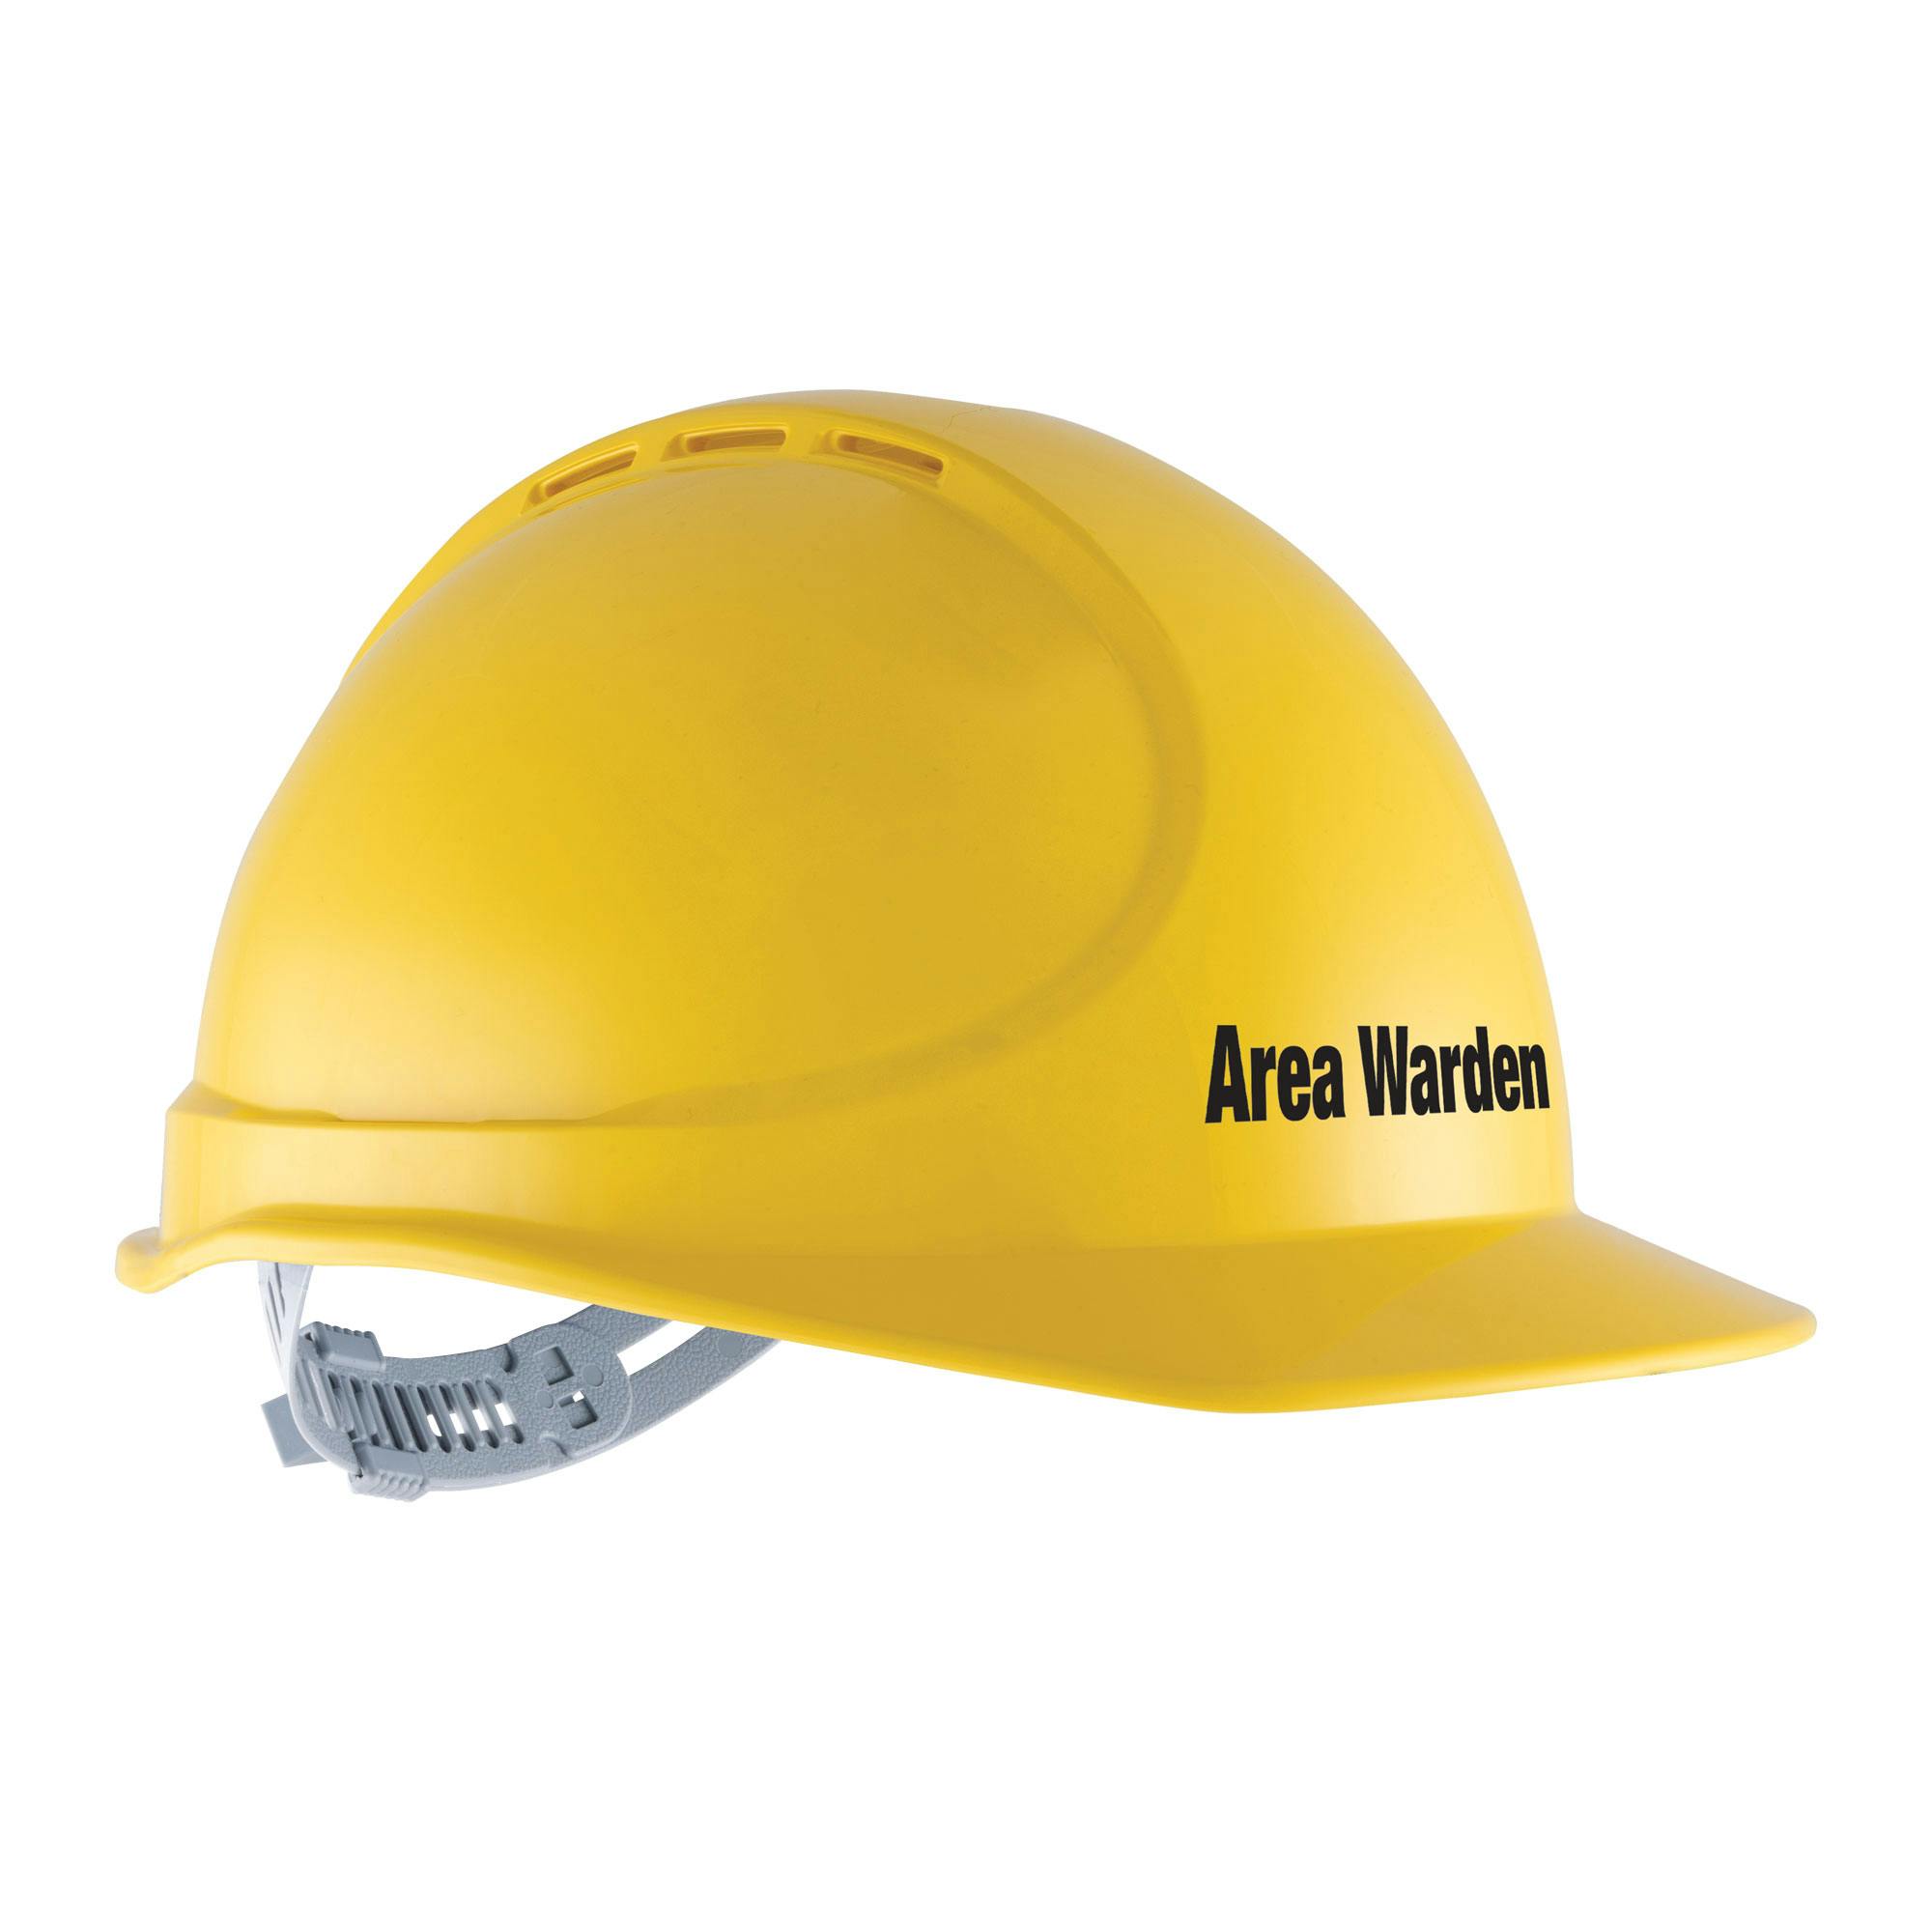 Force360 GTE3 ABS Vented Hard Hat With Slide Lock Harness, Type1
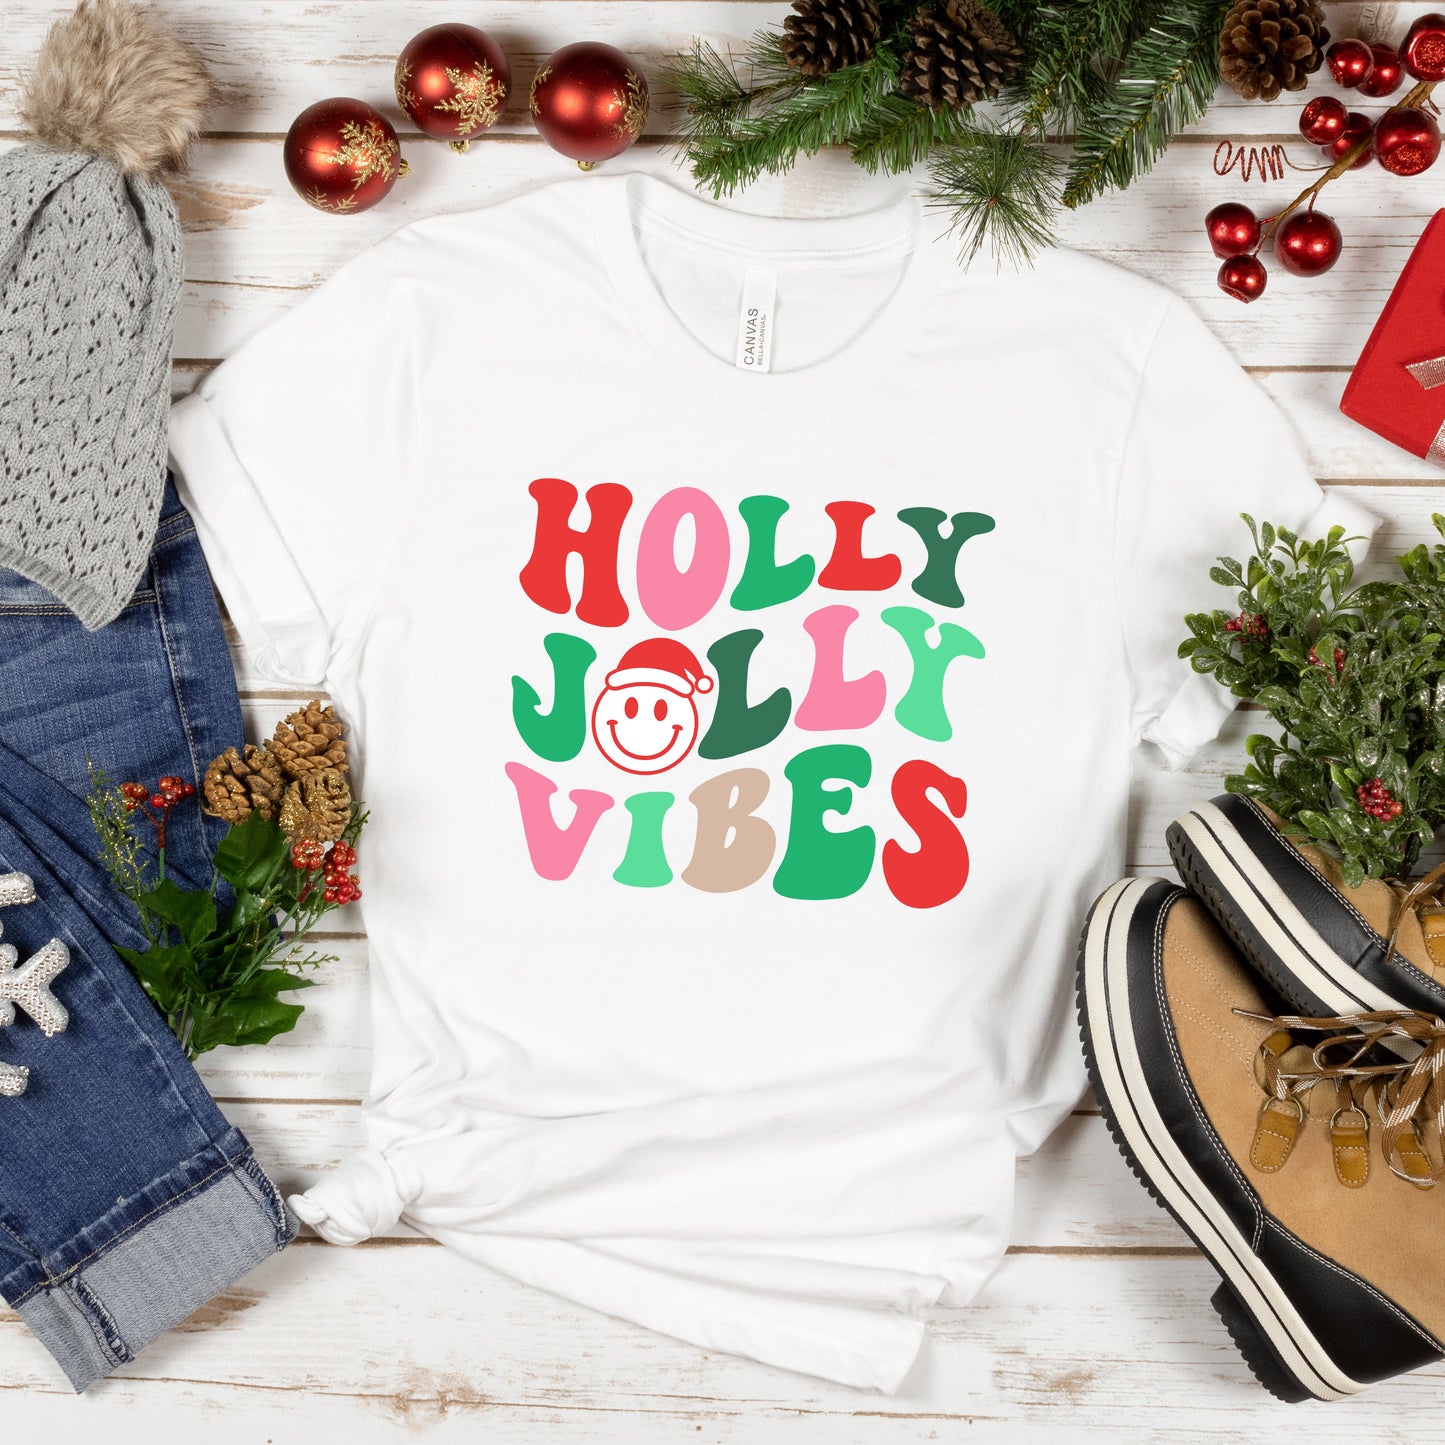 Holly Jolly Vibes Smile | Short Sleeve Crew Neck
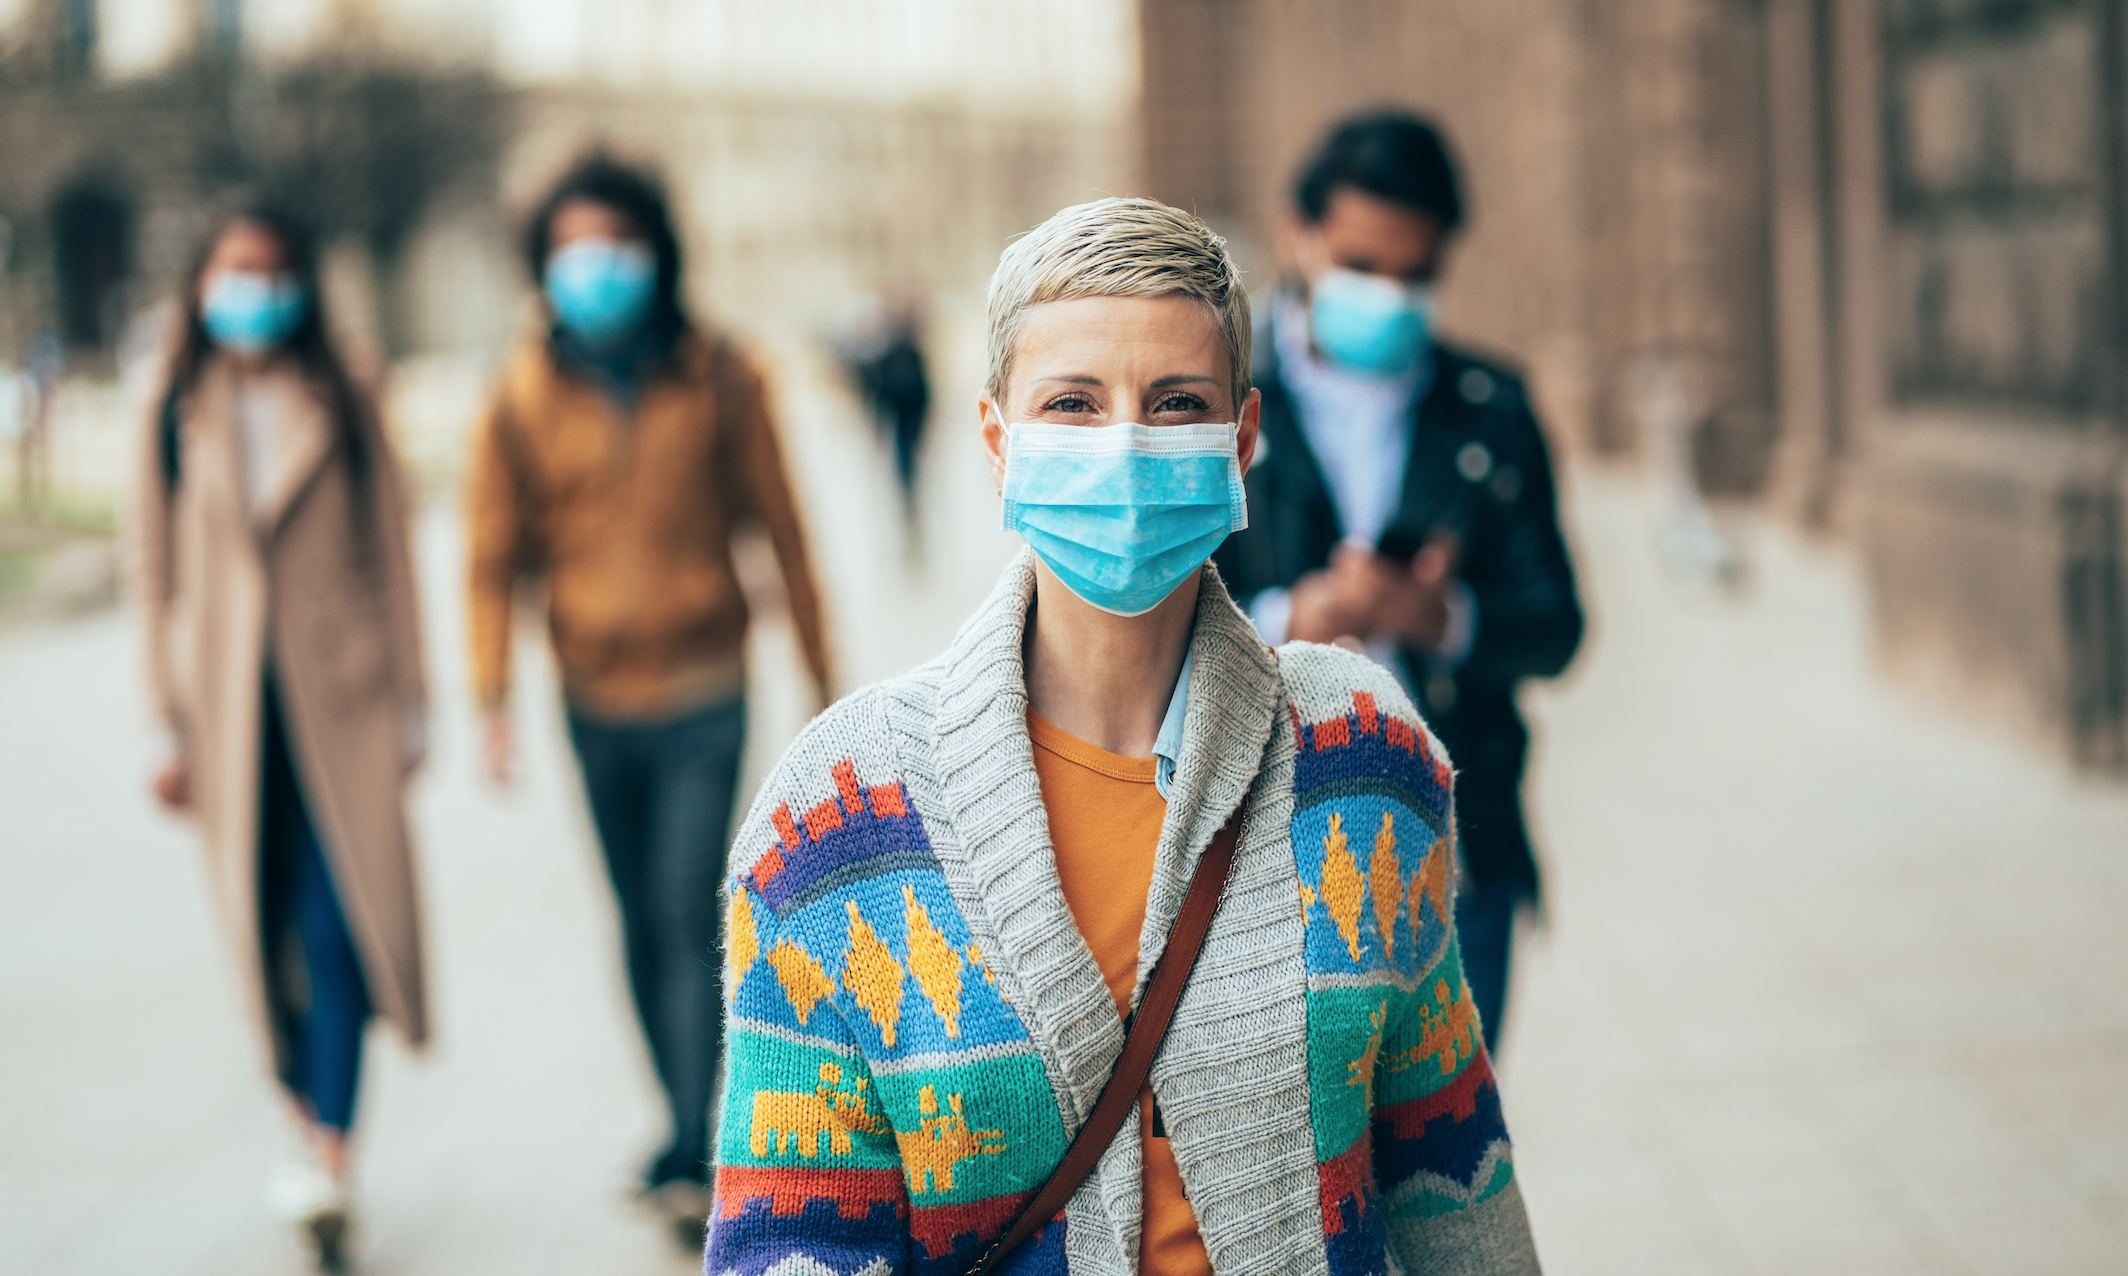 A woman is wearing a face mask on the sidewalk

★ ★ ★ ★

■ TASK: When you reach a picture, pass over it; write out all other material exactly.

■ FINISHED TASK:
 Force360 GTE3 ABS Vented Hard Hat With Slide Lock Harness, Type1
 Holly Jolly Vibes Smile | Short Sleeve Crew Neck
 A woman is wearing a face mask on the sidewalk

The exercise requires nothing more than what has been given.